Assignment:
Once the line holding "Na czarno-białym zdjęciu" is found in the listing below, write it out and each later line exactly, up to and including the one holding "Fondazione Pubblica Assistenza".

Given data:
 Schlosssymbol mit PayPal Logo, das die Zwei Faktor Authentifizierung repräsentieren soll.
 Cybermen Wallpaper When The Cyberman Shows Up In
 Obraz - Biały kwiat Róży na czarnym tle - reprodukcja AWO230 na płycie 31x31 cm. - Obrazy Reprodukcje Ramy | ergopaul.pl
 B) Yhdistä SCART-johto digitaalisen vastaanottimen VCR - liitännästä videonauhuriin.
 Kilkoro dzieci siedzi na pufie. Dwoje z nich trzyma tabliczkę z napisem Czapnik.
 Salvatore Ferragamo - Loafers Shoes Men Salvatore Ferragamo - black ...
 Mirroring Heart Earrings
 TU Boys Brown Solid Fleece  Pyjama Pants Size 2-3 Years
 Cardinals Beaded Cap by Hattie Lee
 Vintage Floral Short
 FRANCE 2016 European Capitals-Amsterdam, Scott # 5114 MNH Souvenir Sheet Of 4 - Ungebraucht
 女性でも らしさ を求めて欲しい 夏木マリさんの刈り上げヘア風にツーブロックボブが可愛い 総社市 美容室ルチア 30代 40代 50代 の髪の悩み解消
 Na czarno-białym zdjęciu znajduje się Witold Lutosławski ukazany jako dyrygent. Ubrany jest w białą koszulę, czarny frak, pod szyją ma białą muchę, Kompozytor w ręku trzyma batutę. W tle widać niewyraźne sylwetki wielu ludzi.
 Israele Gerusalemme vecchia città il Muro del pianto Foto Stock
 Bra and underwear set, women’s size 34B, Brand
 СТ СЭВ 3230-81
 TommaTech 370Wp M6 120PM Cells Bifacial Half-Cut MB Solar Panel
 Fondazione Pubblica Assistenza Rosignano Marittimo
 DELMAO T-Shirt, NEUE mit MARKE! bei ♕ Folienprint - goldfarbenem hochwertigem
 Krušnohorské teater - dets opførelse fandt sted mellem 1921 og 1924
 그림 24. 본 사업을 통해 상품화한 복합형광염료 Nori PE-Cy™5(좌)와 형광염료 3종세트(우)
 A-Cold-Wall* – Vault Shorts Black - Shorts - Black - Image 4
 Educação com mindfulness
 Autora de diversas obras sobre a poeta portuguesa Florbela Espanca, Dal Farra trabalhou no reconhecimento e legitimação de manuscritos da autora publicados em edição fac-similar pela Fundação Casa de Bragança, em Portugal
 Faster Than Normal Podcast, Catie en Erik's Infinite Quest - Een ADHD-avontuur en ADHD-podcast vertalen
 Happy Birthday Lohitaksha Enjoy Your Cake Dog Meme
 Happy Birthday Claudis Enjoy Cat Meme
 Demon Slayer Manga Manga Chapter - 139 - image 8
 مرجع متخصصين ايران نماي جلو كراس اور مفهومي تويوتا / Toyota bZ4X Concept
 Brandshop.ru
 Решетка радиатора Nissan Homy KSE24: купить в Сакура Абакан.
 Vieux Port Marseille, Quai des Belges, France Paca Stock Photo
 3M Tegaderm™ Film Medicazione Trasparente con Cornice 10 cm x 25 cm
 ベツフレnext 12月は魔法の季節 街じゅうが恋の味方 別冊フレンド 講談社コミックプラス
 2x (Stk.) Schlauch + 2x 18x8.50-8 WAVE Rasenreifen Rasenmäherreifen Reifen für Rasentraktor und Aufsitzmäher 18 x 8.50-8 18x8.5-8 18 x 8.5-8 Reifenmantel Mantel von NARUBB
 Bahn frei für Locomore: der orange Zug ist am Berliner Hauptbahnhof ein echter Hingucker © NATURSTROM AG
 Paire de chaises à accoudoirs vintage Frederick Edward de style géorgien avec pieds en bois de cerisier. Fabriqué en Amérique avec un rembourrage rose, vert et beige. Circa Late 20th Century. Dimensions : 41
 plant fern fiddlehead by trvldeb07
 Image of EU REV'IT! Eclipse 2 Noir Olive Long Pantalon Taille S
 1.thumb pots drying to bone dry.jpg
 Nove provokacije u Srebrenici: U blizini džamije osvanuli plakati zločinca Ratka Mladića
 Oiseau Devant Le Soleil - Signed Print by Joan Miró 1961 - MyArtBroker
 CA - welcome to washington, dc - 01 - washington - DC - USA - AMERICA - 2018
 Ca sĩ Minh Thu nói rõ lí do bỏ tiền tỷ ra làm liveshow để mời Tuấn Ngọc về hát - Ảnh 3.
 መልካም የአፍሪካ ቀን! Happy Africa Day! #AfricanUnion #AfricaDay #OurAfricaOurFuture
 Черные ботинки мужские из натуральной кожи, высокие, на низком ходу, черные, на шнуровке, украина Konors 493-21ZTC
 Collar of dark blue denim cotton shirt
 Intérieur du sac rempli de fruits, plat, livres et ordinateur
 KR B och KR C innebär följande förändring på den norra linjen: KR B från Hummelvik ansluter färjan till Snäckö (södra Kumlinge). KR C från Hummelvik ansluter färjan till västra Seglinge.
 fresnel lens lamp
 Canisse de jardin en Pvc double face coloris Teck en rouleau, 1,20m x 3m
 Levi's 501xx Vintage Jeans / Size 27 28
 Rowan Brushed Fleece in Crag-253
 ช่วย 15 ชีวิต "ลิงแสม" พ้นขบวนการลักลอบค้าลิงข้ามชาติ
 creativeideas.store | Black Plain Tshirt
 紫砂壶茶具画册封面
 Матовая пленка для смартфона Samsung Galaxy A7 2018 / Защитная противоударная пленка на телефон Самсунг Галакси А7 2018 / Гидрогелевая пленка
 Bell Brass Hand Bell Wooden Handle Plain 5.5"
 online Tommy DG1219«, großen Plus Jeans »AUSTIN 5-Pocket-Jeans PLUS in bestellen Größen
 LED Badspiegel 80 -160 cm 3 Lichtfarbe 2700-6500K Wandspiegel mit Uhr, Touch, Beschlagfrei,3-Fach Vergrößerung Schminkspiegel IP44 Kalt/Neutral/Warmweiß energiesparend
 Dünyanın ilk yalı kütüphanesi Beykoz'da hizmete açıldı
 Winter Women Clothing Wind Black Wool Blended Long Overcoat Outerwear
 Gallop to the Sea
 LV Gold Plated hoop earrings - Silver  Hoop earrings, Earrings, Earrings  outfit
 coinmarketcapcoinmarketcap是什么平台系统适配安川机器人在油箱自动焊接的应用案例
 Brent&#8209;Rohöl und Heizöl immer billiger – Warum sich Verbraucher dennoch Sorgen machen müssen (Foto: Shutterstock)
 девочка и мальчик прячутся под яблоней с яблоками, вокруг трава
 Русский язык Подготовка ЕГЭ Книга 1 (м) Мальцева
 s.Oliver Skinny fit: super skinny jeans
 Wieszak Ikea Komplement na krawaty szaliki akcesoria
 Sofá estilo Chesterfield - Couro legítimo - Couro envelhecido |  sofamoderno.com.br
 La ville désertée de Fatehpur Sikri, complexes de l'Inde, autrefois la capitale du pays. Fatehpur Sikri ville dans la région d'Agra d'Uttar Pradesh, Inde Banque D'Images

Task result:
 Na czarno-białym zdjęciu znajduje się Witold Lutosławski ukazany jako dyrygent. Ubrany jest w białą koszulę, czarny frak, pod szyją ma białą muchę, Kompozytor w ręku trzyma batutę. W tle widać niewyraźne sylwetki wielu ludzi.
 Israele Gerusalemme vecchia città il Muro del pianto Foto Stock
 Bra and underwear set, women’s size 34B, Brand
 СТ СЭВ 3230-81
 TommaTech 370Wp M6 120PM Cells Bifacial Half-Cut MB Solar Panel
 Fondazione Pubblica Assistenza Rosignano Marittimo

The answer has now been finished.